Running Agent analyzes Garmin/Strava running data to extract insights, track training load, and build predictive, explainable models. It serves both as a personal training analytics tool and a data-science portfolio project showcasing reproducible pipelines, interpretable ML, and SQL-backed dashboards.
- Understand and visualize individual running patterns
- Track key performance indicators (distance, pace, cadence, load)
- Cluster runs into natural categories (easy, tempo, hilly, intervals)

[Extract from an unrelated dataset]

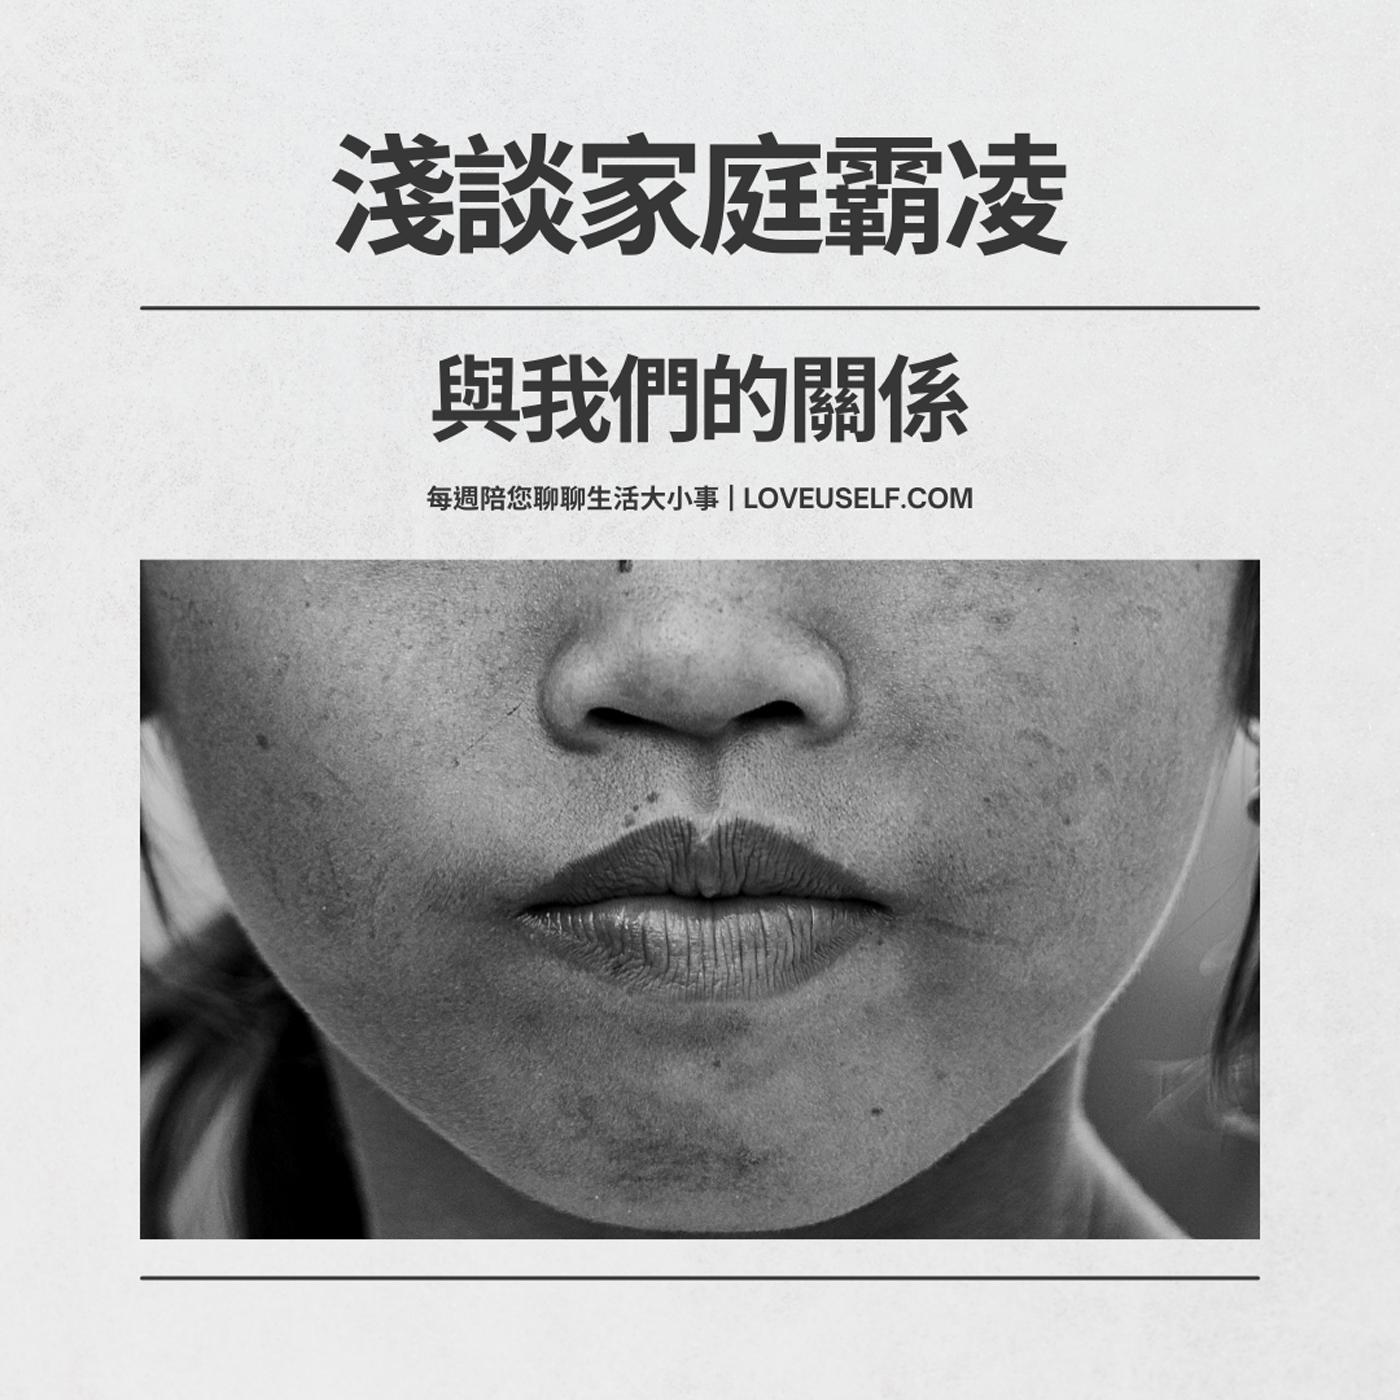 #EP42社會篇:淺談家庭霸凌與我們的關係  ❤️
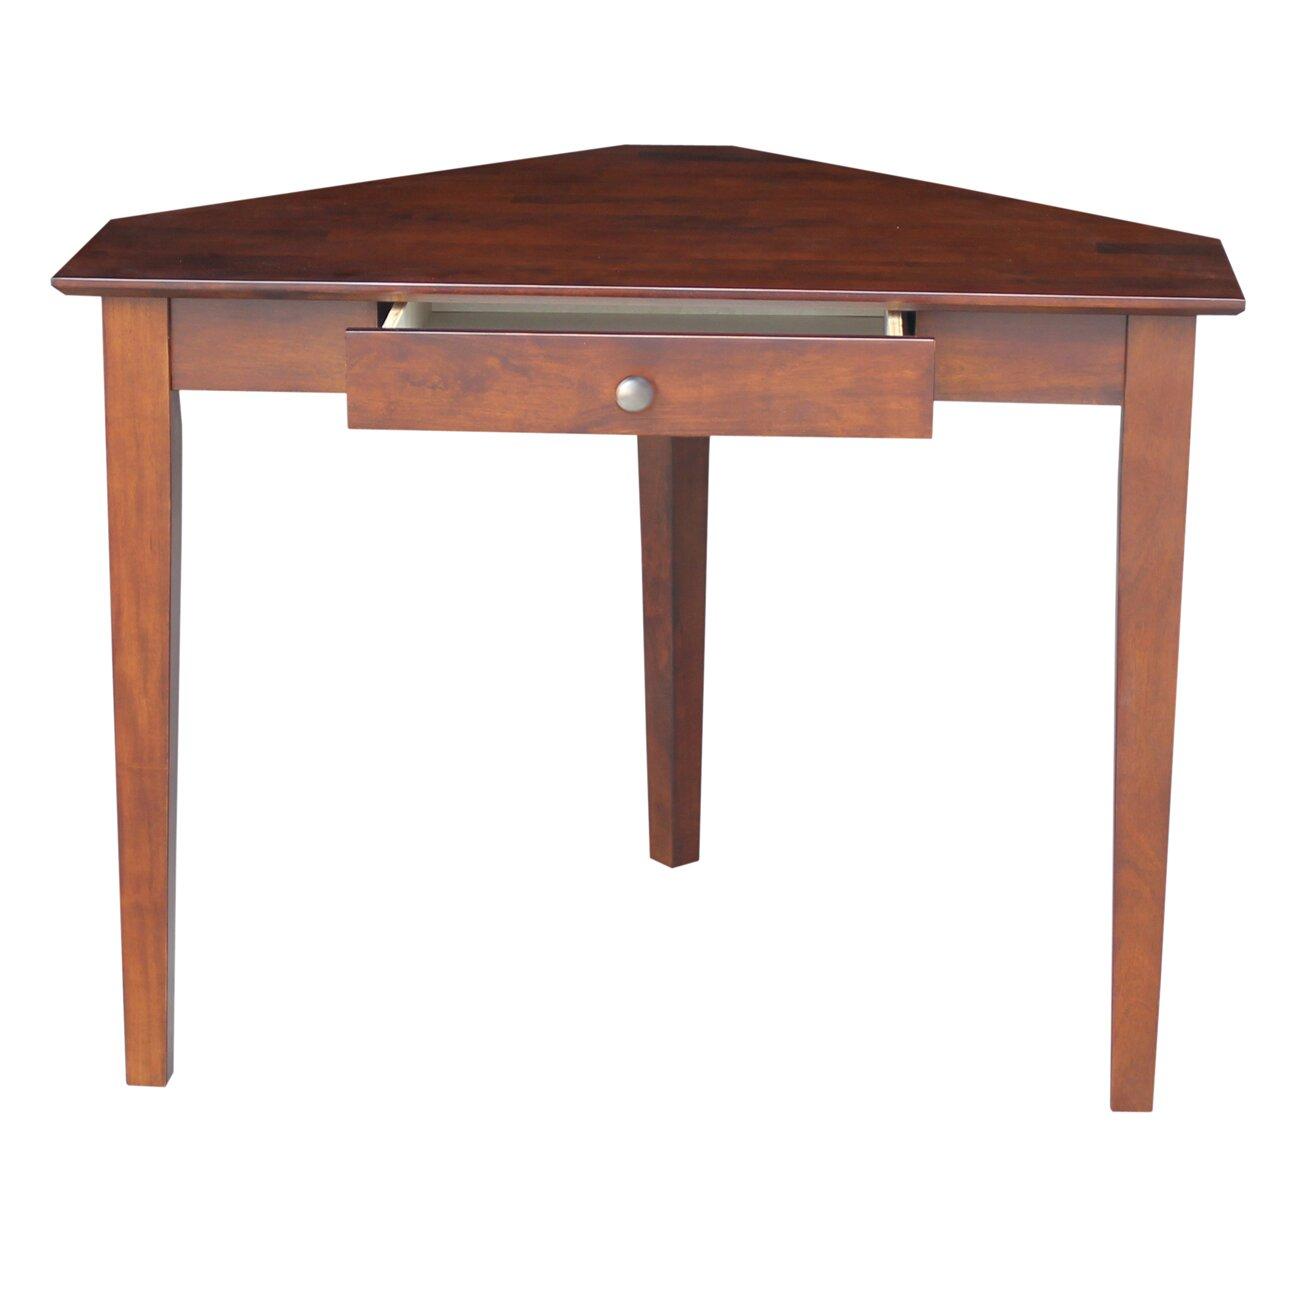 international concepts corner desk with storage drawer reviews wayfair. Black Bedroom Furniture Sets. Home Design Ideas

- Predict pace and fatigue using Random Forest models
- Prototype a Tamagotchi-style running agent that suggests training intensity
- End-to-end ML workflow: raw Garmin
.fit→ cleaned dataset → ML models - Explainable AI (SHAP) for transparent model behaviour
- Interactive dashboard powered by Streamlit
- PostgreSQL + SQLAlchemy for structured, persistent data storage
| Notebook | Focus | Key Outputs |
|---|---|---|
| 01_explore_data | Load & inspect Garmin/Strava data | Basic stats & visualizations |
| 02_feature_engineering | Compute derived metrics (load, variability, cadence drift) | runs_summary.csv |
| 03_clustering_runs | Unsupervised learning for run grouping | Cluster labels |
| 04_predictive_models | Random Forest regression + classification | Pace & run-type models |
| 05_model_interpretation | SHAP explainability | Global & local feature attributions |
| 06_interactive_dashboard | Streamlit app | Interactive UI |
| 07_postgresql_storage | Save data + SHAP results to PostgreSQL | Tables: runs_summary, shap_importance_global, data_lineage |
- PostgreSQL 16 for structured, durable storage
- SQLAlchemy for engine creation and ORM-style interactions
Core tables
runs_summary— per-run feature setshap_importance_global— mean SHAP values across featuresdata_lineage— timestamps, dataset versions, transformation logs
Example SQL use cases:
- Weekly summaries & training load trends
- Top SHAP features per model
- Reproducibility checks through lineage
running-agent/
│
├── data/
│ ├── raw/ # raw Garmin/Strava exports (ignored in Git)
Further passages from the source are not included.